We have a hub-and-spoke ISP network that connects some of our remote sites back to our core network. It consists of a 50 Mbps headend circuit at our data center, with various sizes of smaller circuits at the remote sites that connect back to the headend circuit (1.5 Mbps all the way up to 20 Mbps). The 50 Mbps headend circuit connects to an ISR4451-X running IOS-XE v16.9.2 (our current IOS-XE standard version due to a variety of reasons). EIGRP is utilized in this network to advertise networks at the remote sites to the headend router.


Our QoS policy on the headend router consists of a nested policy whose goal is to primarily accomplish two things: shape traffic to the size of the circuit at each site, and prioritize traffic based on a standard 5-class model (realtime, control, critical data, scavenger, class-default) - the main benefit being the priority realtime queue for voice traffic, since we utilize Cisco VoIP at all of our sites.


Below is an example of the policy configuration for a single 5Mbps site and the configuration of the nested policy-map that are configured on the headend router, comments are in red and preceded by an ! - I have color-coded the ACL, class-map, and policy-map names to hopefully make it easier to follow:

! First entry is the remote site Data network, second is the remote site Voice network, third is the IP on the remote site router that faces the ISP network, fourth is the loopback IP for the remote site router
ip access-list extended acl_Remote-Site-1
 permit ip any
 permit ip any
 permit ip any host
 permit ip any host

class-map match-any cm_Remote-Site-1
 match access-group name acl_Remote-Site-1

! Shaping traffic to 5Mbps for the specified class-map and calling the nested policy-map
policy-map pm_WAN-Network
 class cm_Remote-Site-1
  shape average 5000000
   service-policy pm_WAN-Branch-5-Class

! Applying the policy-map to the ISP-facing interface on the ISR4451-X
interface g0/0/1
 service-policy output pm_WAN-Network


This is the configuration for the nested policy-map. It is a standard 5-class model:

class-map match-any REALTIME
 match dscp ef
 match dscp cs5
 match dscp cs4
class-map match-any CONTROL
 match dscp cs6
 match dscp cs3
 match dscp cs2
class-map match-any CRITICAL-DATA
 match dscp af41 af42 af43
 match dscp af31 af32 af33
 match dscp af21 af22 af23
 match dscp af11 af12 af13
class-map match-all SCAVENGER
 match dscp cs1

policy-map pm_WAN-Branch-5-Class
  priority percent 32
 class CONTROL
  bandwidth percent 7
  bandwidth percent 35
  random-detect dscp-based
  bandwidth percent 1
 class class-default
  bandwidth percent 25
  random-detect dscp-based


This is a configuration I inherited that I have modified to apply consistently to all sites on the hub-and-spoke ISP network, and to better suit a company-wide QoS policy, should that ever come to fruition (the config that I inherited was applied haphazardly and basically only separated voice from non-voice traffic, but in some cases it didn't even do that).
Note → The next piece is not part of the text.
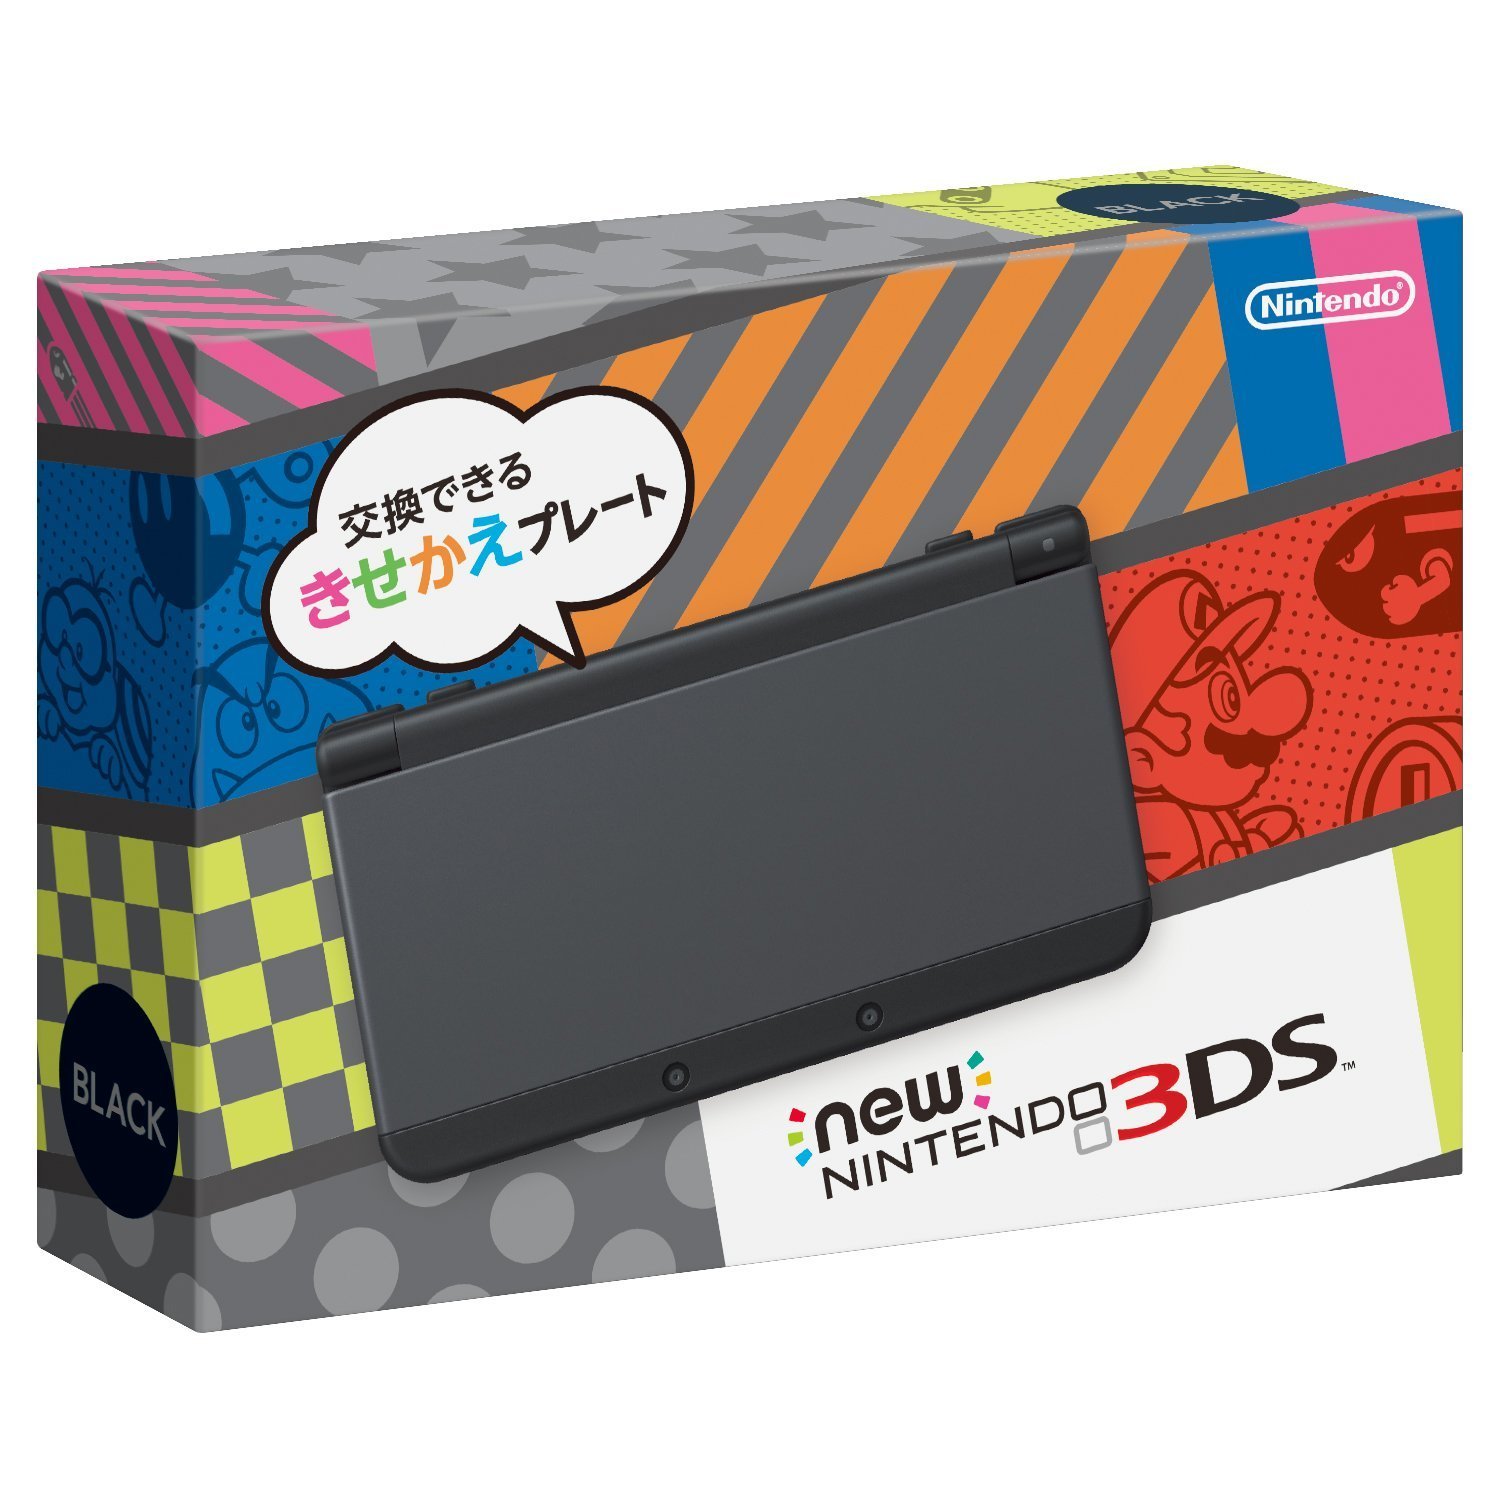 New Nintendo 3DS Black (Japan import - only for Japanese games)

My questions/concerns regarding this config:

  • Is this a good way to accomplish the two primary goals stated at the beginning? Maybe a better question would be: does this actually accomplish the two primary goals stated at the beginning? Based on some testing I did recently at one of the sites during a time of congestion, this seems to be the case, but I figured it would be a good idea to see what others think of this config.
  • This configuration requires manually defining the networks/IPs at each remote site in an ACL. If we need to add a network at a remote site, we have to remember to add it to the ACL for that site on the headend router (spoiler alert: we're not great at doing this yet). Is there a way to use EIGRP to dynamically define the networks/IPs advertised by each remote site in the QoS policy instead of using an ACL?
Hall of Fame Expert

To your second question, not that I'm aware of, although on newer devices, like yours, you might have an embedded device (i.e. router) script that examines the route table from time to time, and rewrites your remote site QoS ACLs to match destination routes for particular site. The "hardest" part of such a script might be to "know" what bandwidth a particular remote site should be shaped for. (Possibly you can "key" off a table, of some kind, that has each remote's next hop IP and its expected bandwidth. [BTW, keeping shaper bandwidth allocations accurate is another maintenance issue. I've seen a site's bandwidth physically upgraded, but then no one remembered to update shaper allowance. For some "reason", users saw no improvement in performance - ouch!])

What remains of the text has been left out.